Другая жизнь | страница 13



— Что ты, женщина, понимаешь в искусстве?

— Но, Паша, пойми, туда же люди будут приходить. Им хочется, чтобы было красиво.

— Дура, разве это люди?!

Он никогда раньше не разговаривал с мамой так. И Маша понимала, что он опять пьян. Он и прежде любил выпить, иногда помногу, но всегда со вкусом. Никогда не становился гадок и груб.

Теперь все изменилось. Будто черная волна накатывала.
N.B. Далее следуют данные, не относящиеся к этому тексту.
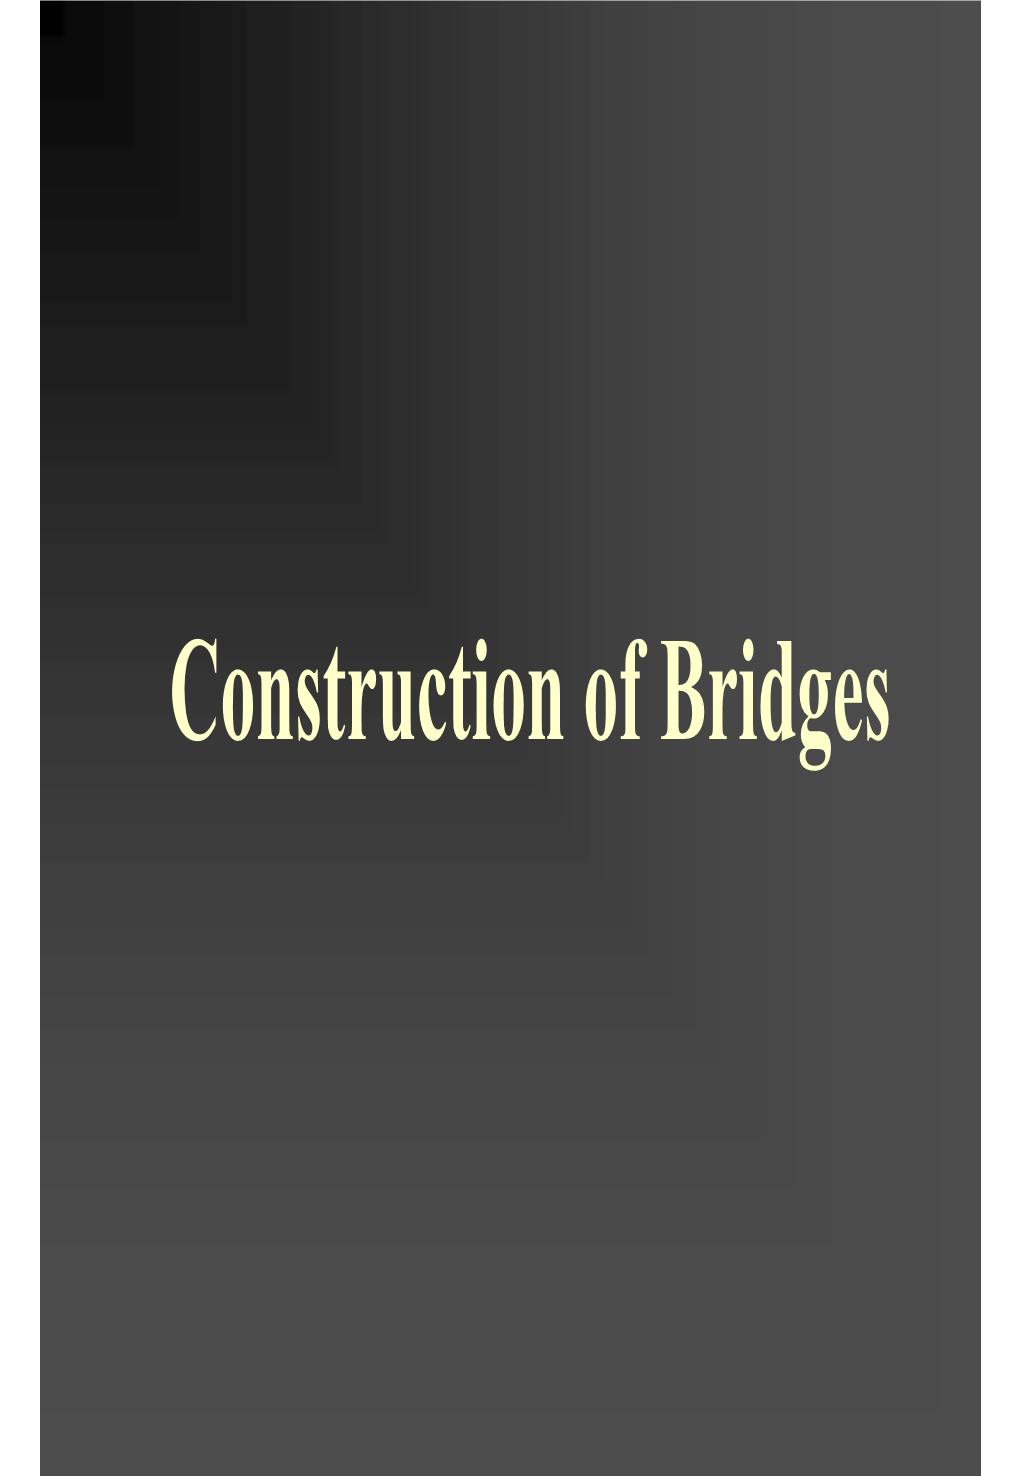 Construction of Bridges Materials Suitable for the Construction of Long-Span Bridges 1

Лицо его становилось неузнаваемо, страшное, багровое, с ненавидящими мутными глазами. Сейчас, став постарше, Маша знала, как это называется. Отчаяние. А тогда лишь терялась в догадках, холодея от ужаса.

Он пытался писать, почему-то все время лошадей. Так же мутно и невразумительно, как и жил. Продолжал считать себя Художником, ни за что не желая взглянуть правде в глаза. А правда, она ведь неумолима, ее не обманешь и не купишь.

Она хорошо помнила ту страшную ночь, когда проснулась от оглушительного звона разбитого стекла и маминого приглушенного крика. Выскочила на кухню в чем была. Перекошенное, невидящее лицо отца. Разбитая бутылка в руке ощетинилась острыми краями. Белые, в голубизну, щеки мамы. Беспомощно вздрагивающее горло, дикий страх в глазах.

— Я — Ван Гог. Ван Гог. И никто меня не понимает. Маша бросилась между ними и застыла, раскинув руки, пытаясь закрыть собой маму, защитить, уберечь. Свободной рукой он схватил ее за плечо. Дернул что было силы, но она стояла твердо.

— Прочь с дороги, соплячка! Не доросла еще. На родного отца…

— Уходи! — От крика заломило уши. — Уходи! Не мучай нас больше.

Он вдруг как сдулся. Рухнул на стул, спрятал лицо в ладони.

— И ты, Машка, — бормотал он. — И ты как все. Предала меня.

— Почему ты не хочешь лечиться? Почему не хочешь жить?

— Лечиться? А я здоров. Здоров, так вас всех и разэтак. Речь его становилась все бессвязнее. Наконец он позволил отвести себя в постель.

Маша вернулась на кухню. Мама собирала осколки с пола. Обе молчали, не зная, что сказать друг другу. Маша первая собралась с силами.

— Мам… — Голос ее прозвучал тоненько и беспомощно, совсем по-детски. — Мам, мы не можем так больше жить. Ты же сама видишь.

Ей было безумно жалко отца. Страшно испытывать к отцу только жалость. Он всегда был такой сильный и надежный, куда все исчезло? Но еще больше было жаль мать. За последнее время она постарела лет на десять. И куда только подевались ее песенки? В их доме, всегда таком светлом, поселилась вязкая, страшная муть.

— Ему надо найти врача, хорошего врача. И все будет как прежде.